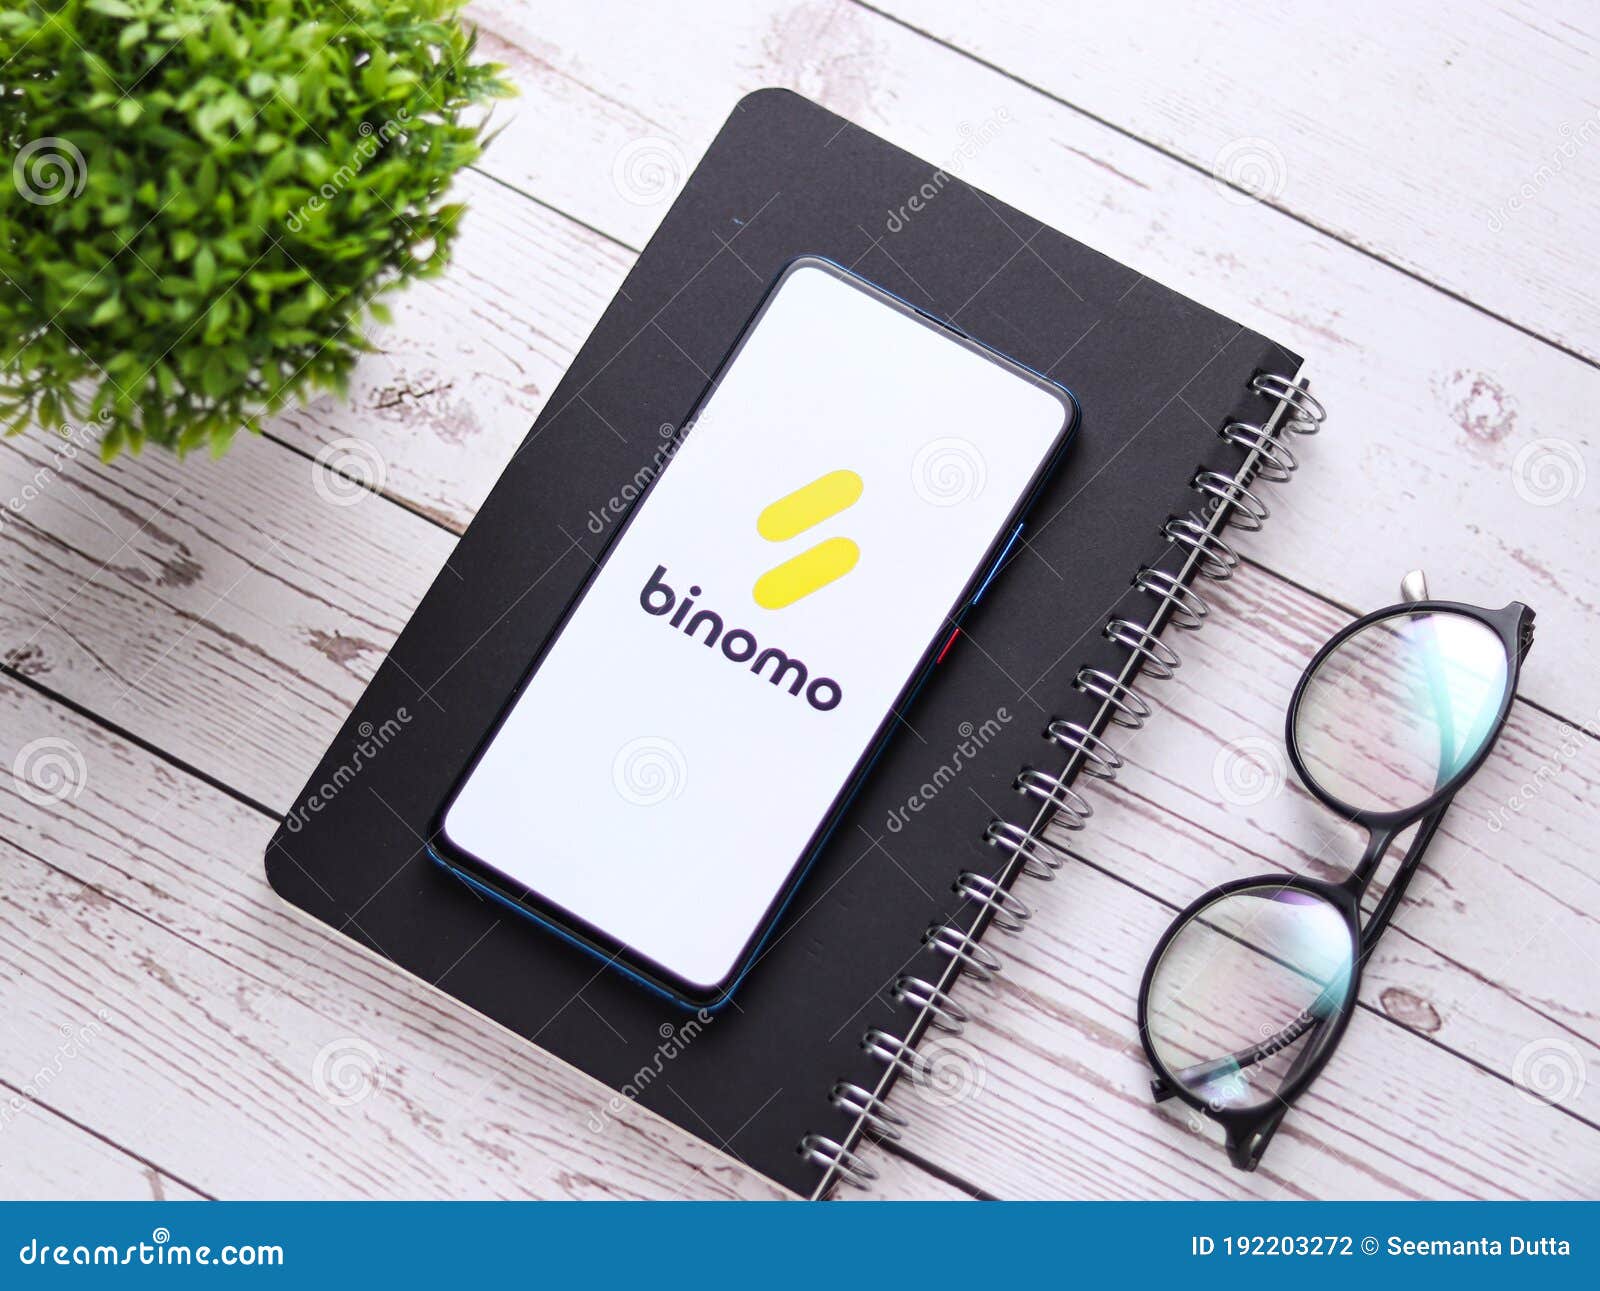 About: Binomo | Invest Trade (Google Play version) | | Apptopia
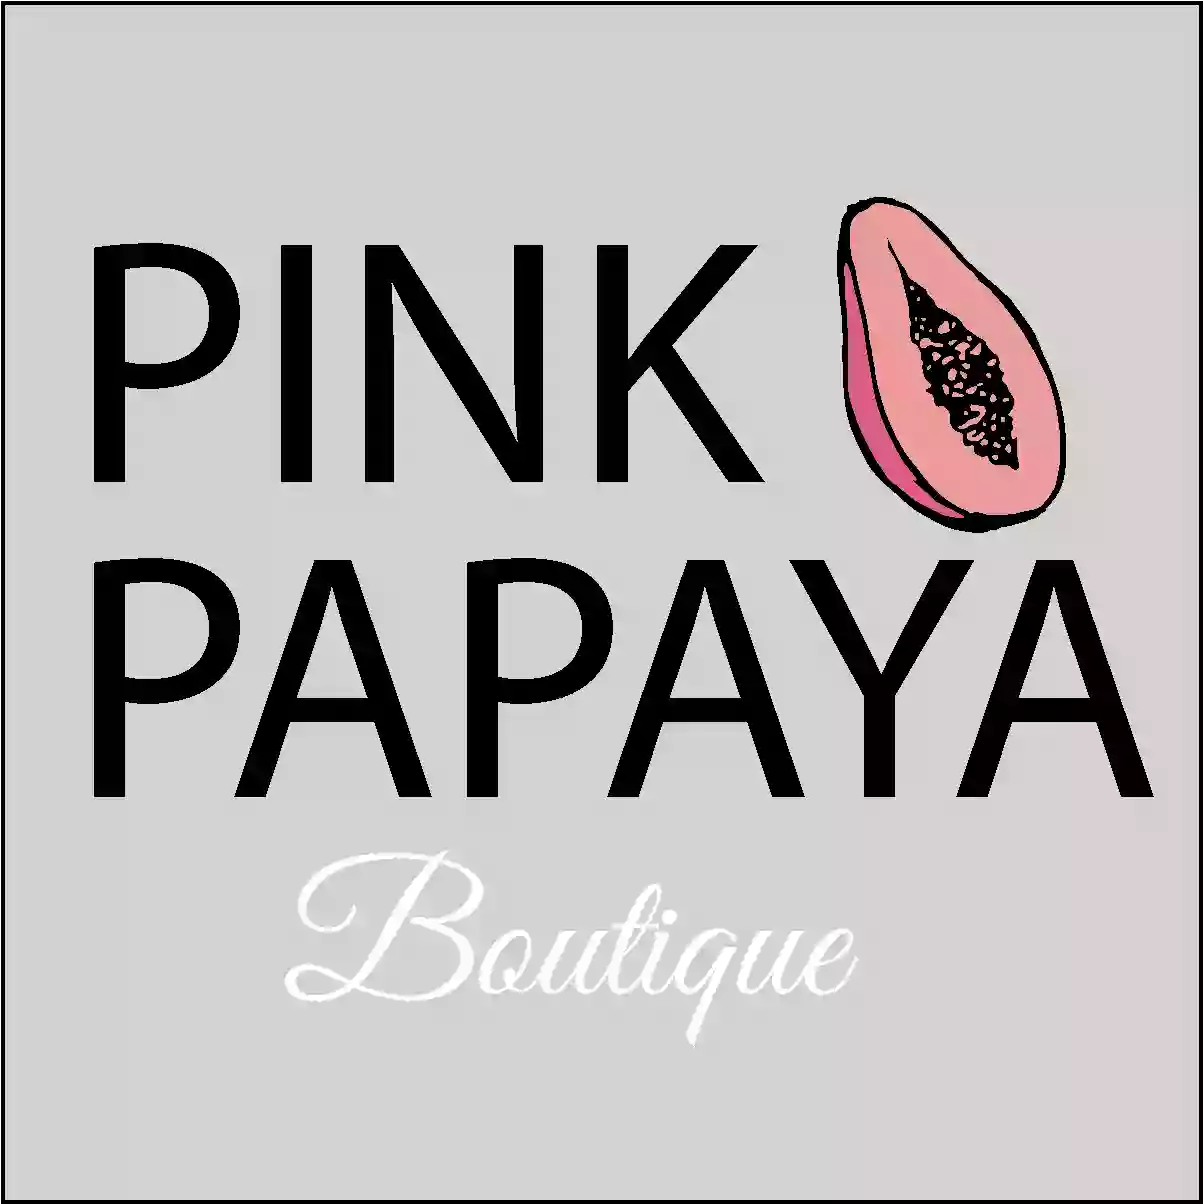 The Pink Papaya Wax and Lash Boutique LLC
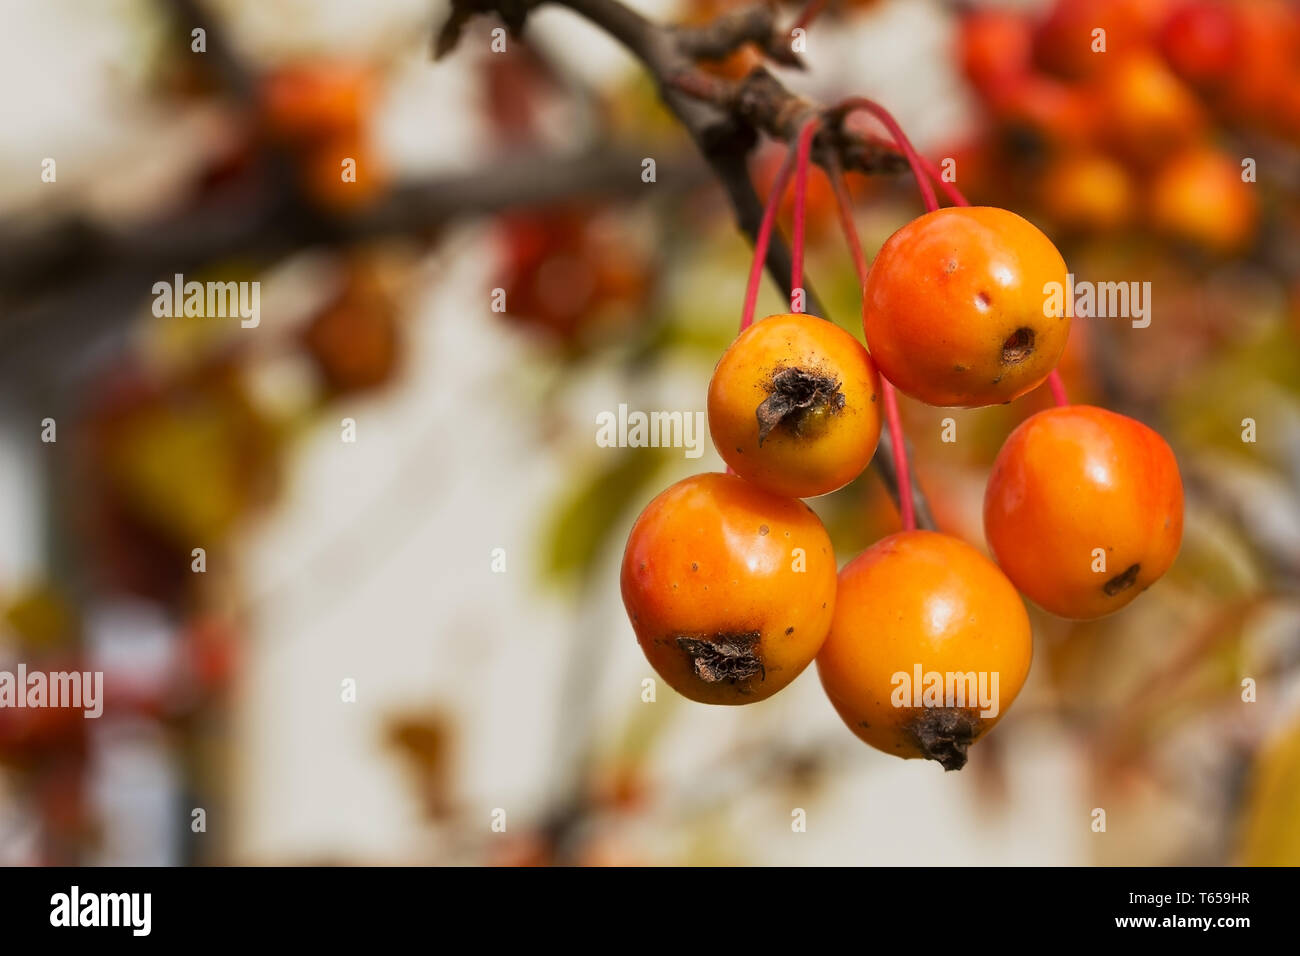 Chinese Apple, Malus prunifolia Stock Photo

=-=-=-=-=

YOUR INSTRUCTIONS
Would you provide an exact, picture-free copy of the data above?

RESPONSE BELOW
 About: Binomo | Invest Trade (Google Play version) | | Apptopia
 The Pink Papaya Wax and Lash Boutique LLC
 Chinese Apple, Malus prunifolia Stock Photo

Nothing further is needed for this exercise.